Each of the networks N1, N2 and N3 displays the two trees T1 and T2 (and no other trees). Thus, it is impossible to decide which of the three networks is correct. The question was asked whether this is a fundamental limitation of rooted phylogenetic networks (a.k.a. hybridization networks).
Let's first draw the networks such that each reticulation is an instantaneous event between two coexisting taxa. To do so, networks N2 and N3 need an additional taxon x, which could be an extinct taxon or just a taxon that has not been sampled.
I've specified a length for each edge of each network and have given corresponding edge lengths to the trees. The values of the edge lengths in the networks have been chosen rather arbitrarily, and are not important for the discussion below.

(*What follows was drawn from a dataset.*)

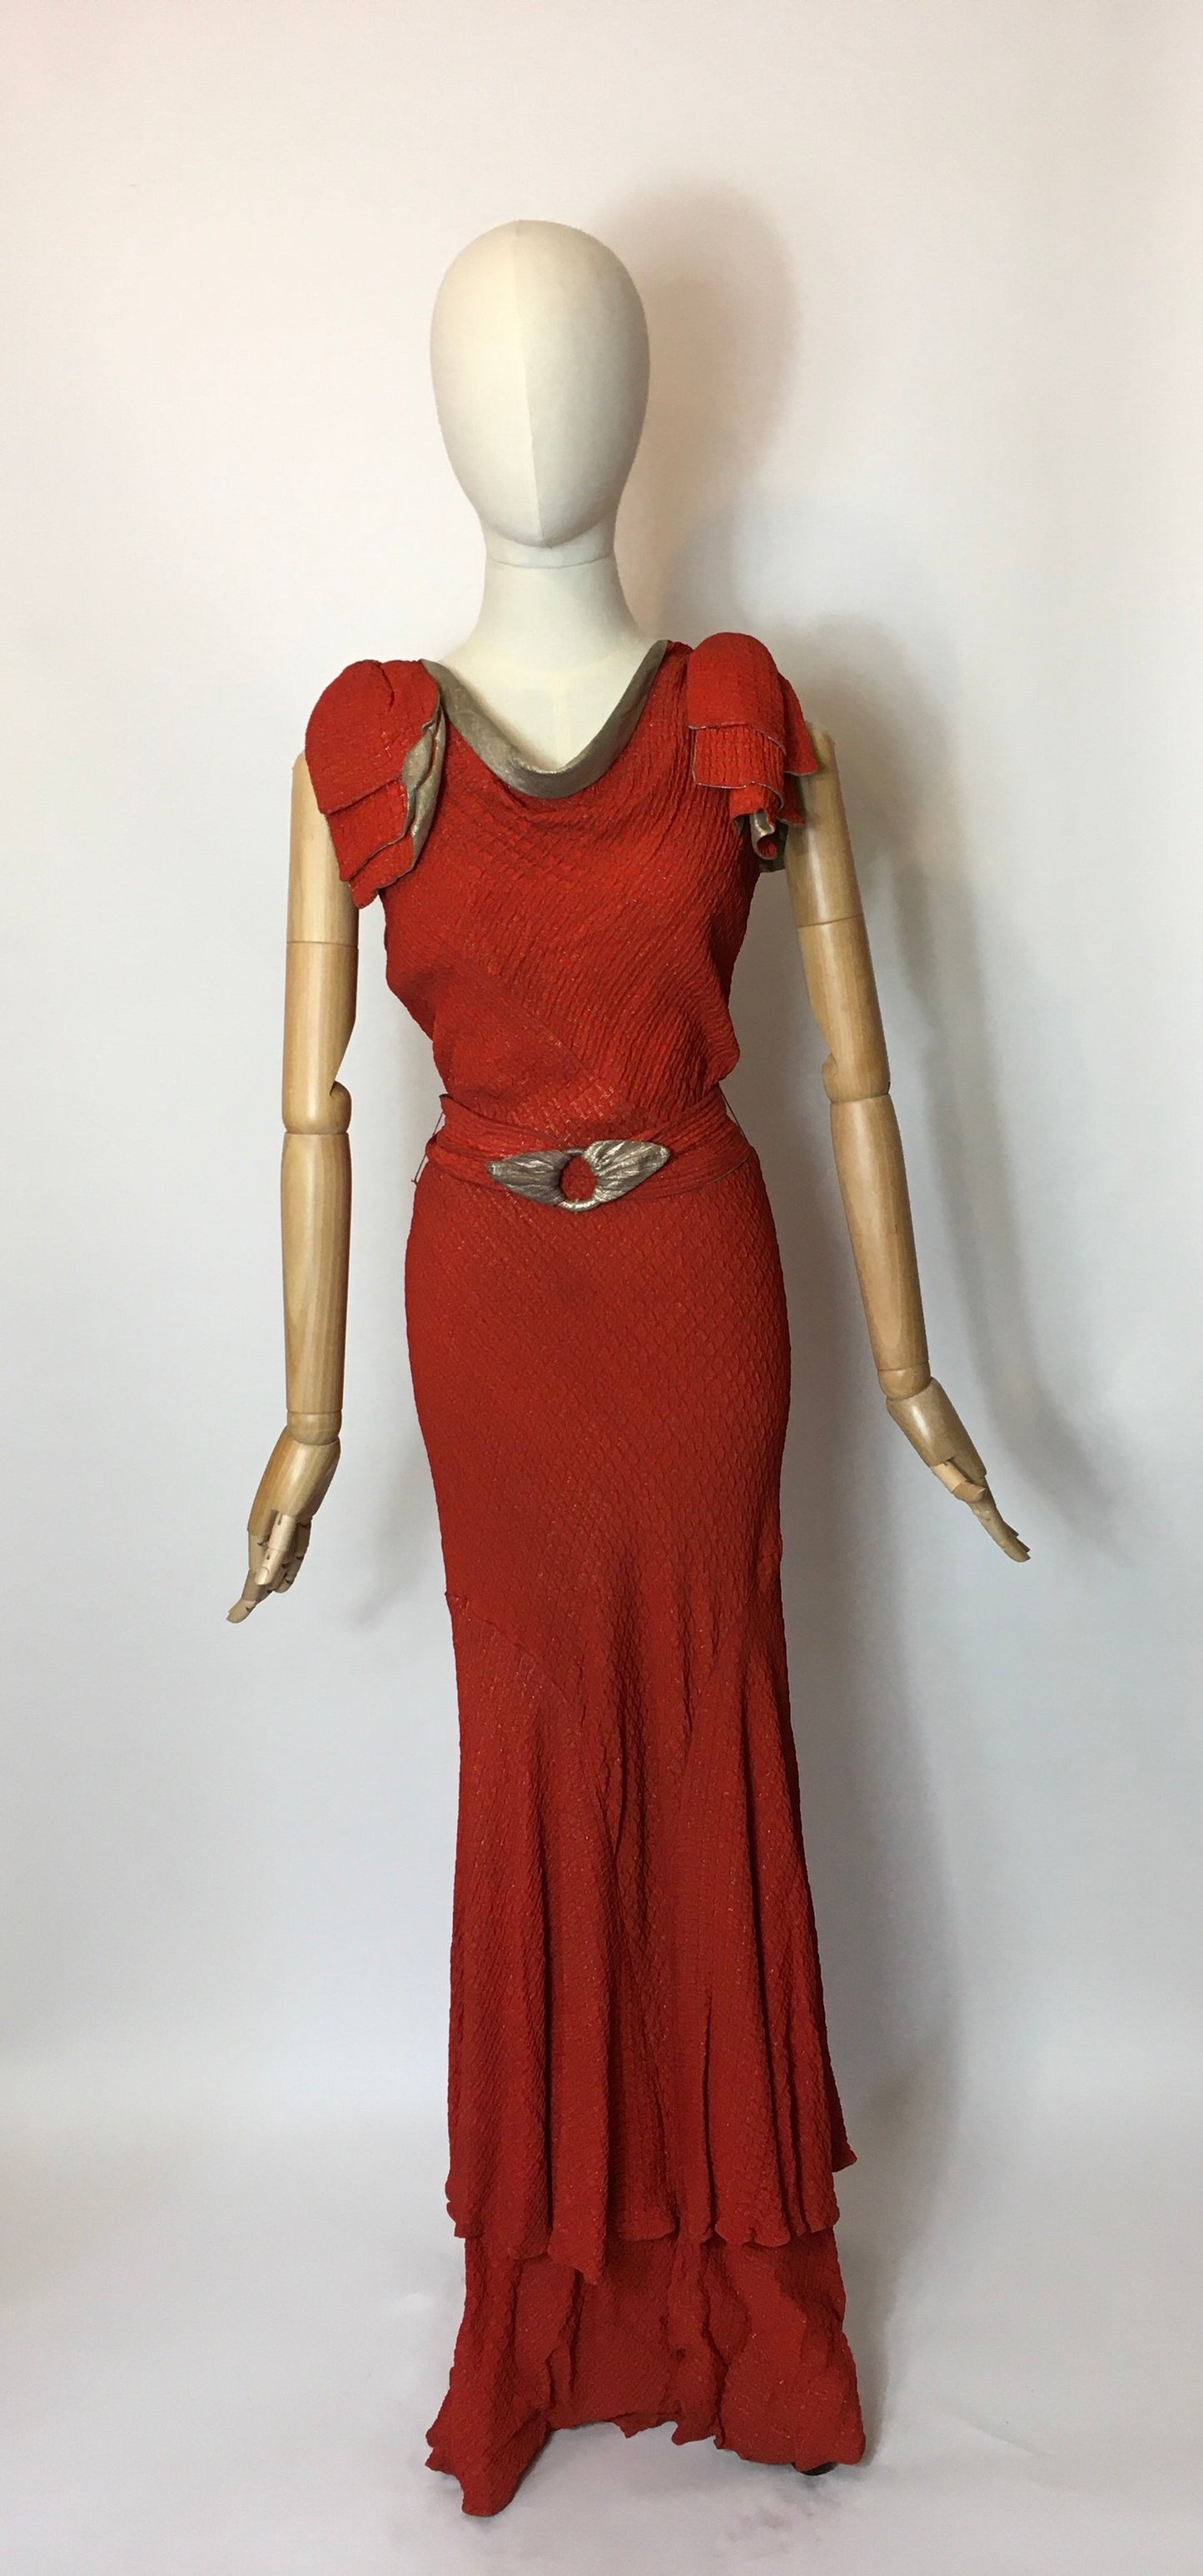 Original 1930’s Stunning Rust and Lame Bias Cut Gown - Festival of Vintage Fashion Show Exclusive

What is important is that, when you take the edge lengths into account, it is easy to decide which of the three networks should be chosen. N1 should be chosen if the roots of T1 and T2 have the same age, N2 should be chosen if the root of T1 is older and N3 if the root of T2 is older. The reason is the following. In network N1, the roots of T1 and T2 both coincide with the root of the network. This contrasts with network N2, where the root of T2 is a proper descendant of the root of T1 and with network N3, in which the root of T1 is a proper descendant of the root of T2.
We can conclude that the above example shows an important challenge but not a fundamental limitation of rooted phylogenetic networks. When taking edge lengths into account, it is indeed possible to uniquely reconstruct the network (at least in this case).